Partiamo da una considerazione di tipo economico e produttivo: Dune, il film di Denis Villeneuve nelle sale, è costato 165 milioni di dollari, La guerra di domani (in streaming su Prime Video) ne è costati 200. Del primo lo spettatore si gode la magnificenza di ogni singolo centesimo, del secondo gli resta l’impressione di un film di trent’anni fa appena restaurato digitalmente. Da qui arriviamo a una questione artistica: i budget stratosferici vanno dati in mano ai registi e non agli algoritmi.



La guerra di domani, diretto da Chris McKay e prodotto da Paramount (che poi ha affidato la distribuzione ad Amazon causa Covid), è infatti uno dei molti esempi di film-algoritmo che popolano la nuova filiera del cinema mondiale: racconta di Dan, un ex-militare e scienziato che si ritrova nel mezzo di una guerra che viene dal futuro, quando dei soldati tornano dal 2050 al 2022 per chiedere ai loro “avi” di aiutarli a sconfiggere la razza aliena che ha distrutto la Terra.



Non è semplicemente il fatto che la sceneggiatura di Zach Dean sia un mix sovrabbondante di elementi di altri film, che a citarli faremmo notte, ma che queste derivazioni e citazioni, questi continui rimandi a qualcosa che è già stato fatto e visto sono talmente incistati nel processo narrativo, nell’evoluzione delle figure e degli eventi da non sembrare un’operazione consapevole, ma figlia di un’intelligenza artificiale, come se i passaggi del racconto fossero indecifrabili linee di codici di programmazione.

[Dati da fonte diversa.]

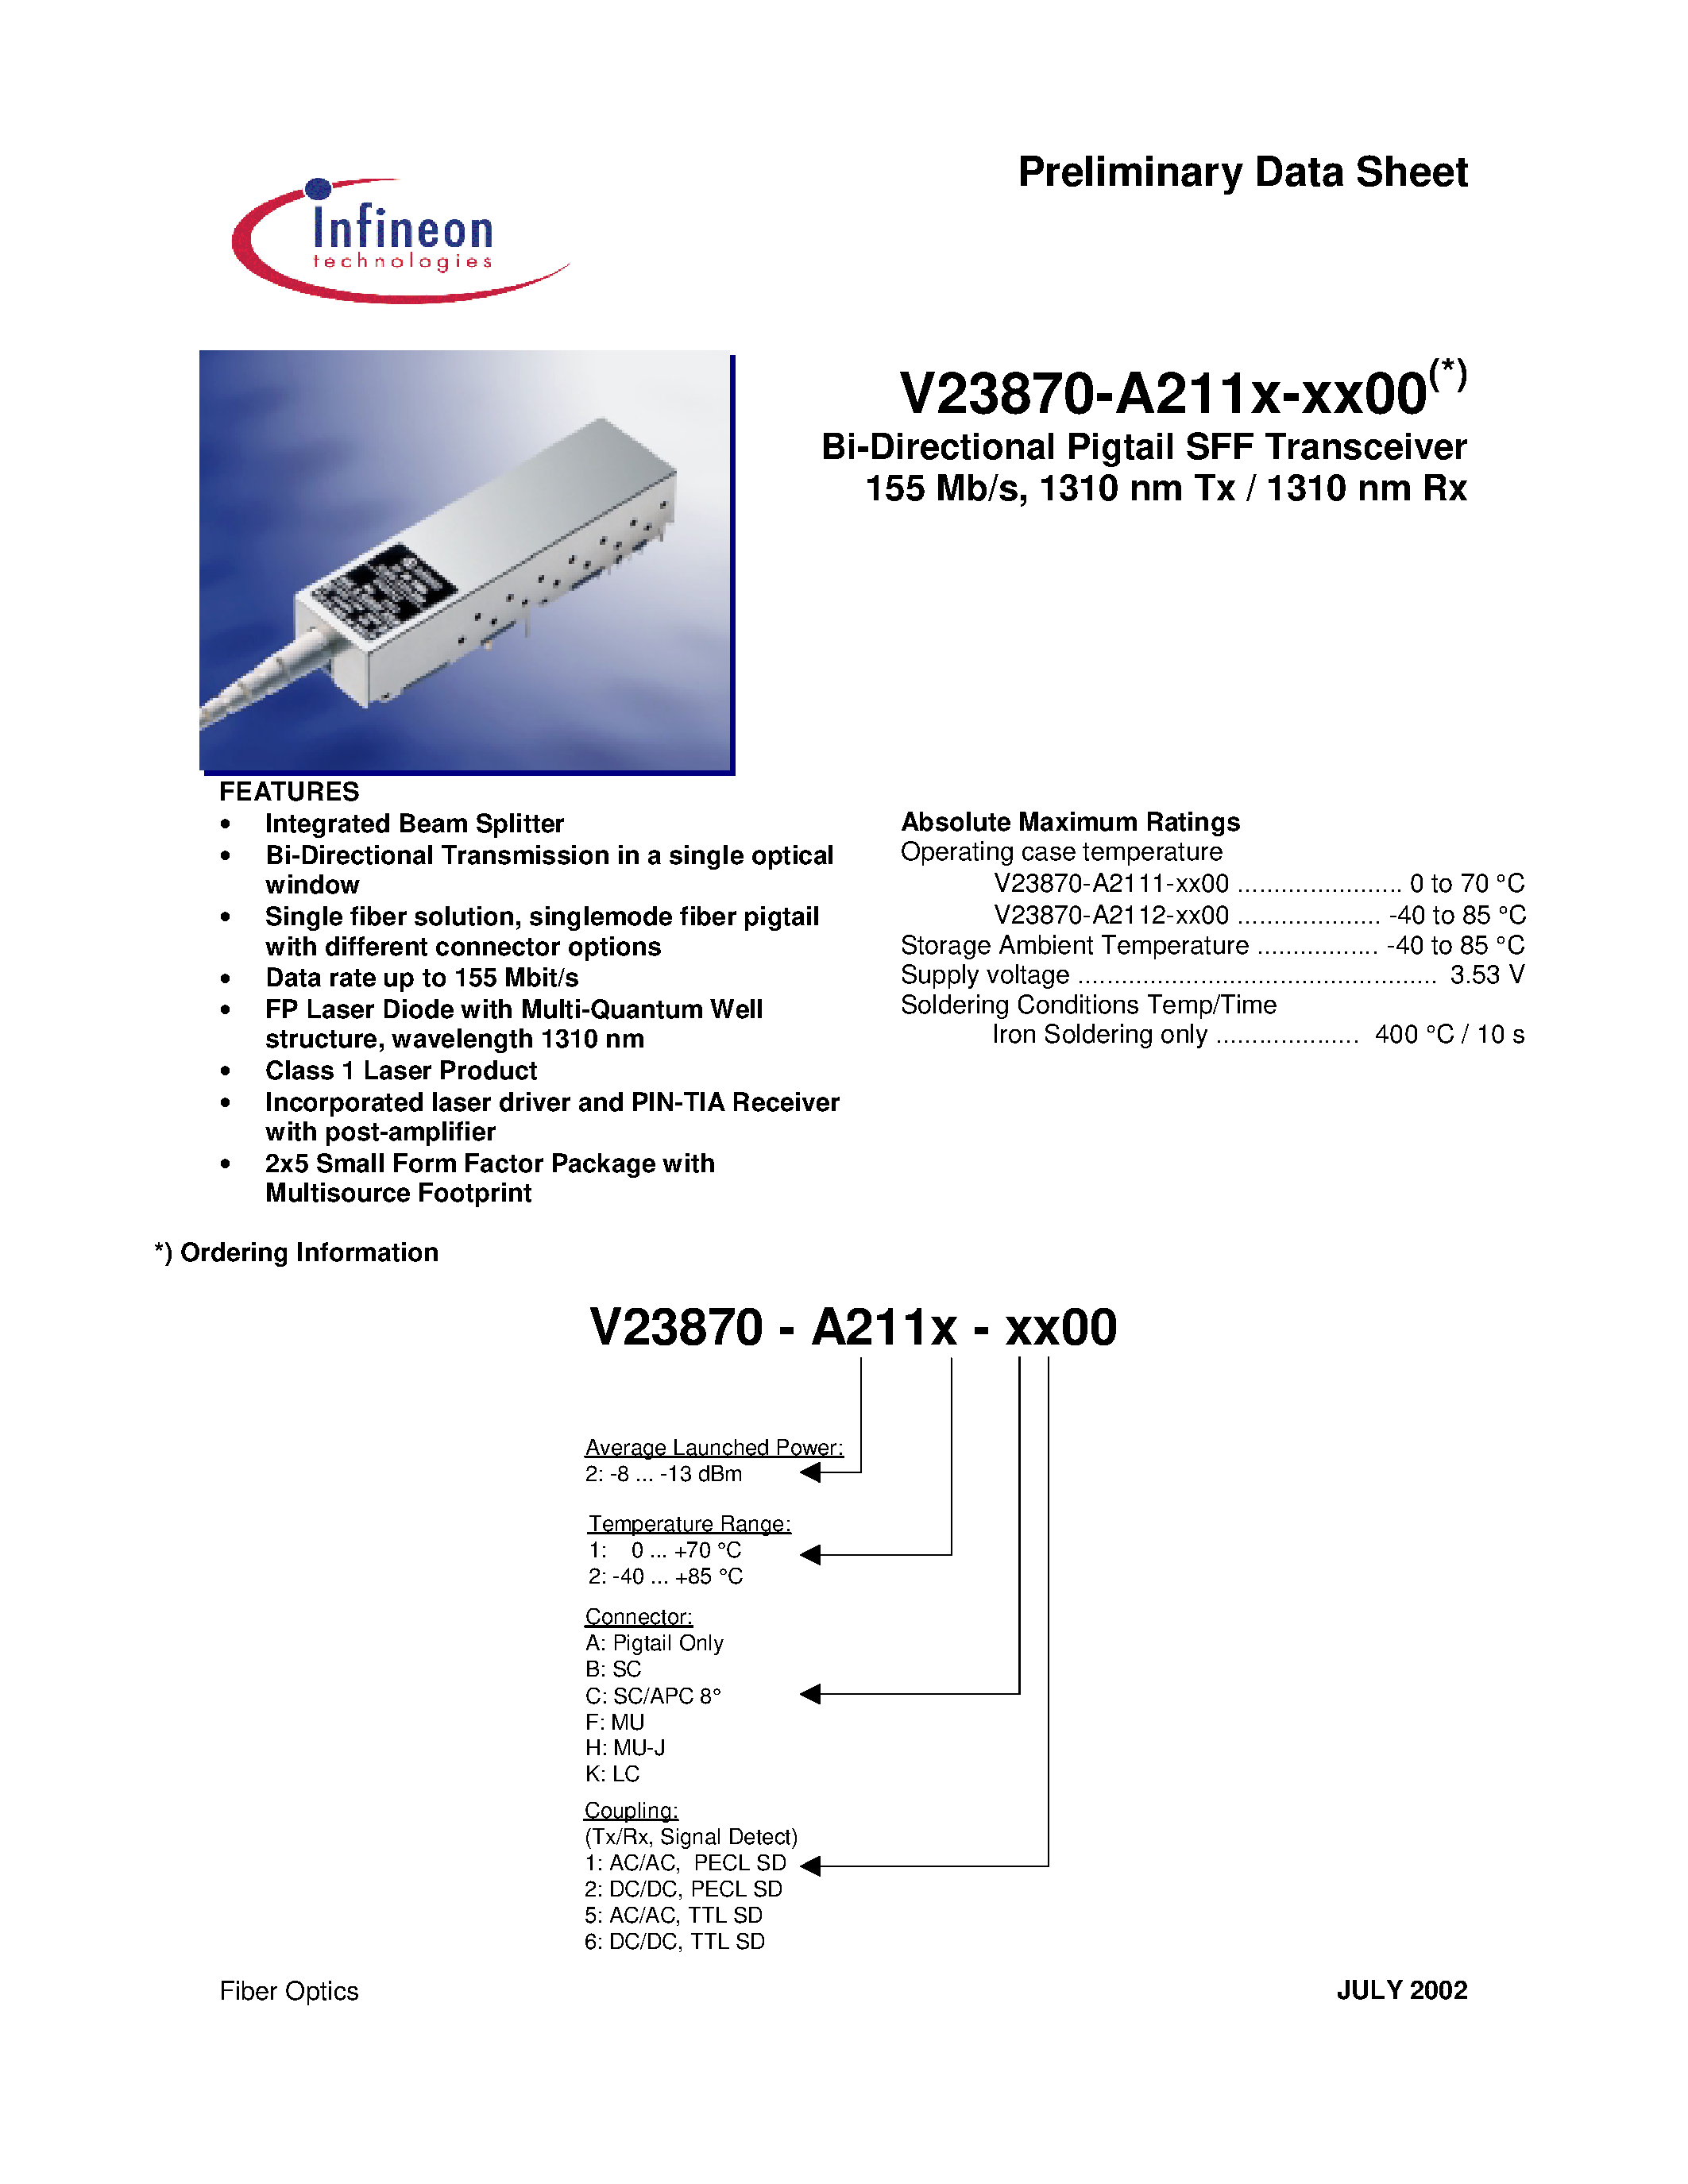 Datasheet V23870-A2112-B200 - Bi-Directional Pigtail SFF Transceiver 155 Mb/s/ 1310 nm Tx / 1310 nm Rx page 1

McKay ha il solo compito di dare una forma dignitosa a questo prodotto geneticamente modificato, di dare un ritmo e una parvenza di tensione a un prodotto completamente insapore, che fa dell’asportazione di ogni personalità il suo obiettivo per permettere allo spettatore-tipo di ritrovarsi immagini già elaborate, di sfruttare la scia di opere che quei terreni li hanno già battuti spianandogli la strada: cerca di mescolare, in sedicesimi, il titanismo di Zacx Snyder e il militarismo “colorato” di Michael Bay e fino all’ultimo atto quasi riesce nel compito.

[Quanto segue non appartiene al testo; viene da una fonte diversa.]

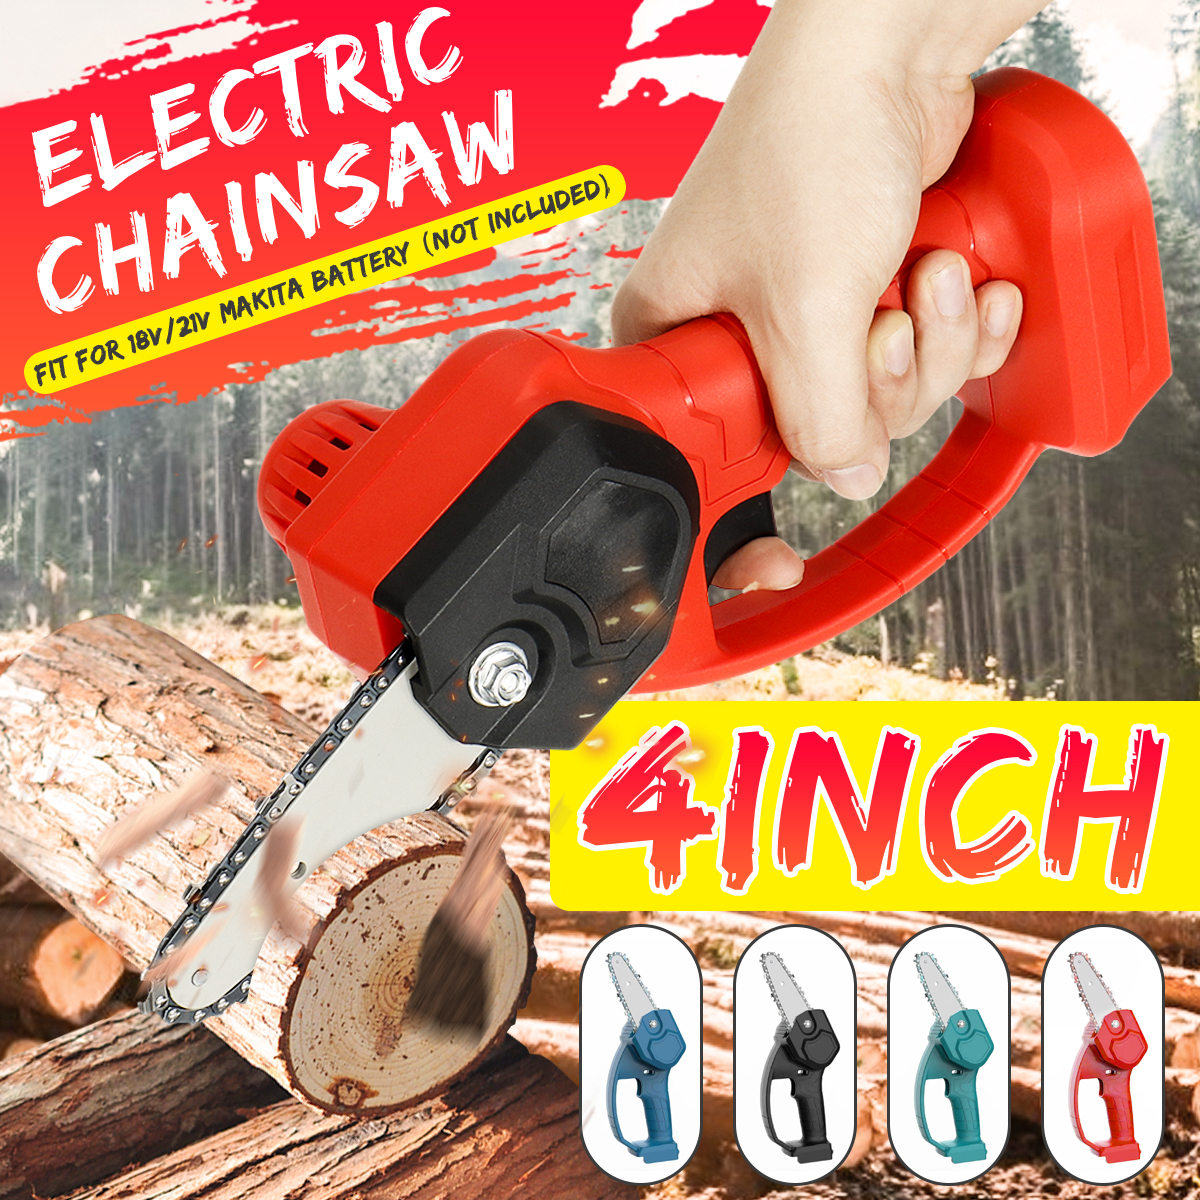 550W-4-Mini-Cordless-One-Hand-Saw-Woodworking-Electric-Chain-Saw-Wood-Cutter-For-Makita-18V21V-Batte-1784797-1

Poi, arriva il finale in Russia e qui crolla tutto, anche ogni tipo di beneficio del dubbio che il critico può riservare a un film del genere, perché La guerra di domani diventa il cinema di ieri, quello che nessun revival nostalgico può riesumare perché la mancanza di personalità diventa mancanza di talento: certo, tutto fracassone, retorico, con le frasi gonfie e i mostri presi a cazzotti (ma Will Smith l’ha fatto 25 anni prima), con la finta ironia a nascondere il vero imbarazzo, con gli effetti speciali che provano a supplire al senso nullo dell’azione, ma anche tutto pretestuoso, casuale, appiccicato alla meno peggio, sperando in un pubblico di bocca buonissima.

Qualcuno in Paramount sperava forse nel carisma pacioso di Chris Pratt, ma qui l’attore è sotto ogni soglia di decenza e i suoi comprimari, gestiti come un cast d’altri tempi, ossia belli eroici e “brutti” simpatici, non lo aiutano. I 200 milioni di budget (rientrati già solo con l’offerta di Amazon, che li ha sborsati per distribuirlo) sembrano risucchiati in un buco nero, nel cratere in cui covano le idre bianche probabilmente: ai solutori più che abili il compito di scoprire come siano stati spesi.